Benefits for Consumers

  • Interaction with Brand: A smart package makes the experience of consuming a product memorable and helps consumers connect with the brand, thereby achieving consumer delight. Also, by helping consumers engage with the brand, they provide visibility to it. Today, customers want more than a product—they want a personalized, unique experience.

    Candy maker PEZ has integrated augmented reality (AR) codes in candy wrappers. Using these codes, consumers can unlock mobile games that correspond with an accompanying PEZ Play app.
    Another example is a series of special-edition collectible cans by PepsiCo’s Global Design Team and the creators of the movie Black Panther. The magnetic cartons are embedded with fully printed HiLight Smart LEDs that light up when activated to reveal scripts from the movie.

  • Traceability With the help of connected packages, customers can trace the journey of a product from farm to fork. Access to crucial information such as this is key in building loyalty and trust among customers.

    McDonald Australia’s AR app TrackMyMacca’s uses image recognition software, which links its products to GPS and a database. By scanning the package, customers can obtain information on where the ingredients of the product originated.

    Camperdown Dairy’s infant formula tins come with labels with QR codes that can be read by smartphones. Using the codes, consumers are able to trace the product across stages of the supply chain. This is very reassuring to the consumers, who are the parents of infants.

  • Dissemination of Information: Connected packaging does away with the need to give extensive information on the labels of products. With IoT-enabled packages, users can scan and access relevant information and other content as and when required.

    Indola, a company selling hairstyling products, developed NFC-enabled packaging for some of its products. The technology connects consumers to webpages offering product information and how-to videos from celebrity ambassadors, among others.

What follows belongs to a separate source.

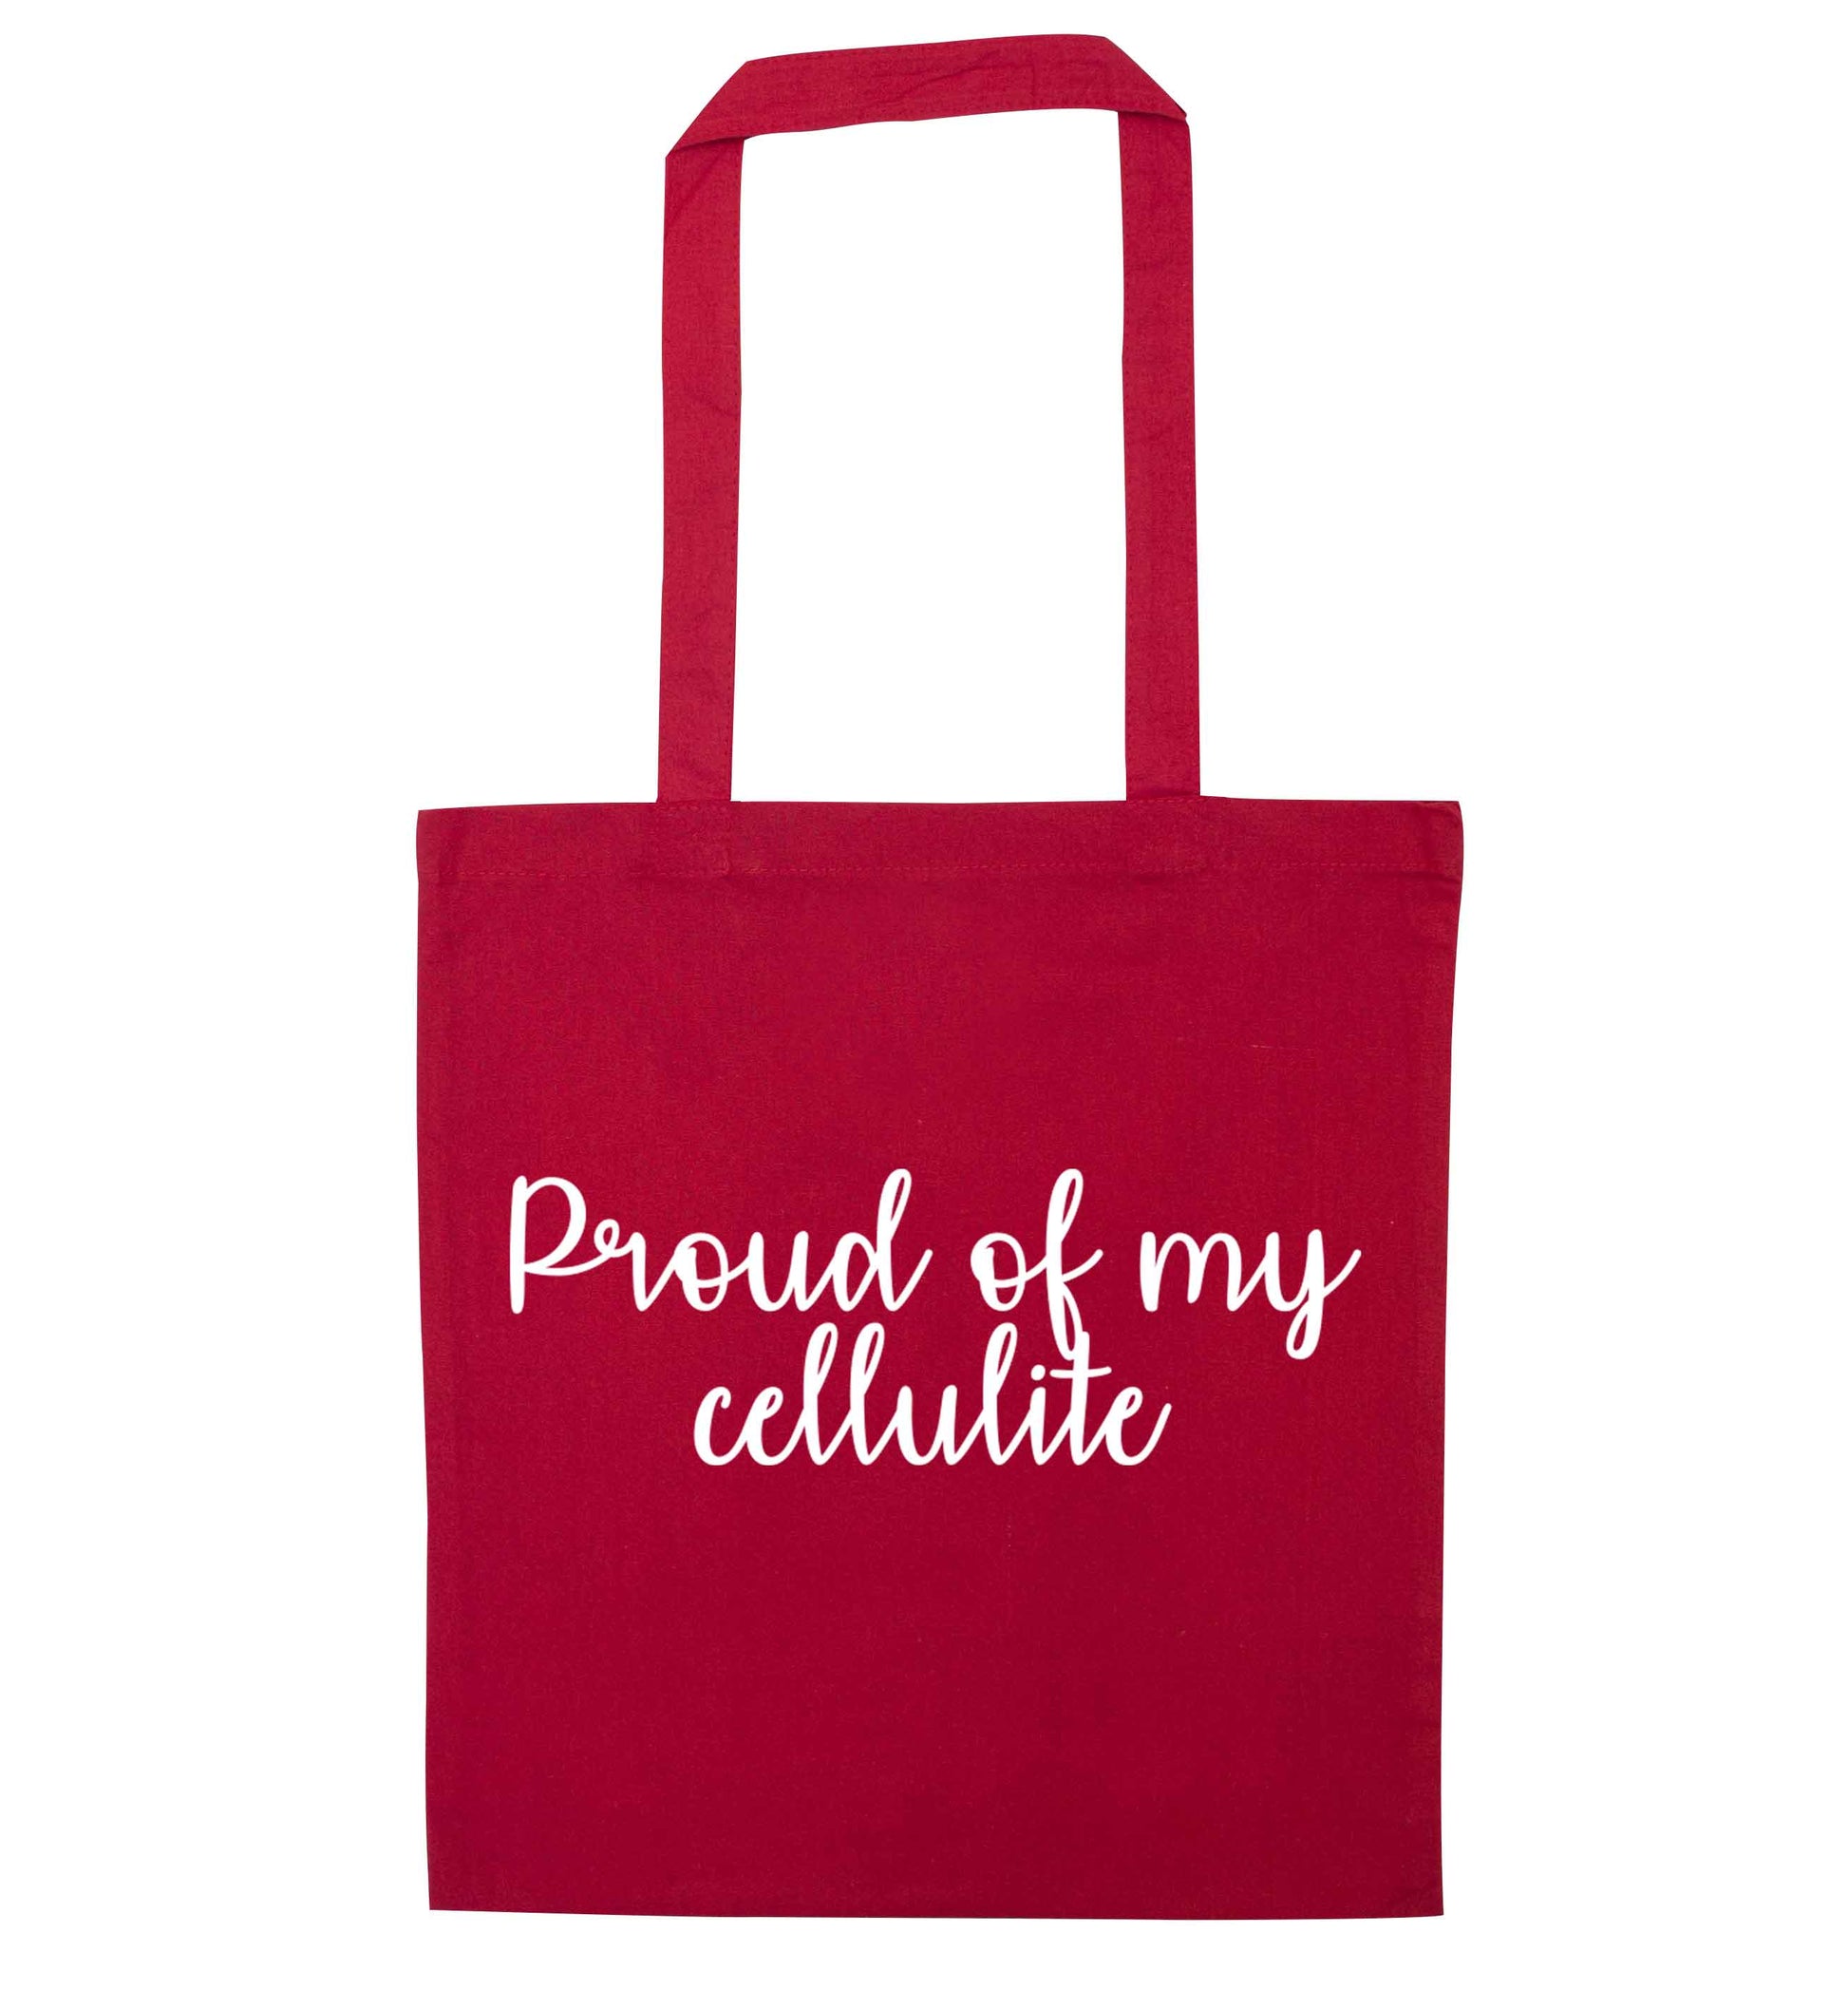 Proud of my cellulite red tote bag

  • Authenticity of Premium Product: Brands that charge a premium need to ensure that the authenticity of their products is guaranteed and customers are protected from counterfeits.

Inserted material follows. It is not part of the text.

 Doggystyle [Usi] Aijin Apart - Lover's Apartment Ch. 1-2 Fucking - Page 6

    Hopsy, a local craft beer marketplace and beer delivery service in the US, integrated NFC technology in the labels of its craft beers. These labels can be read by tapping a smartphone on them and are capable of detecting if a product is factory-sealed or has been opened. The labels also provide other information related to breweries where the beer originated, product videos, etc. All these guarantee authenticity of the product.

Given the numerous use cases of connected packaging across industries and product lines, the big question is, is it here to stay in the long term.

While it has gained a lot of traction at C-suite level in companies and attracted significant investment, the rate at which connected packaging will take over depends on the cost of the technology used in its applications and returns on investment. The more sophisticated technologies such as active RFIDs and geo-location tagging used to make packages intelligent and interactive are expensive, while simple bar codes, NFC tags are relatively affordable. Companies need to first figure out the consumer problems (traceability, authenticity, brand interaction, etc.) connected package solves and not just jump on to the IoT bandwagon. This would help them bring real value to consumers, generate returns, and pave the way further for connected packaging.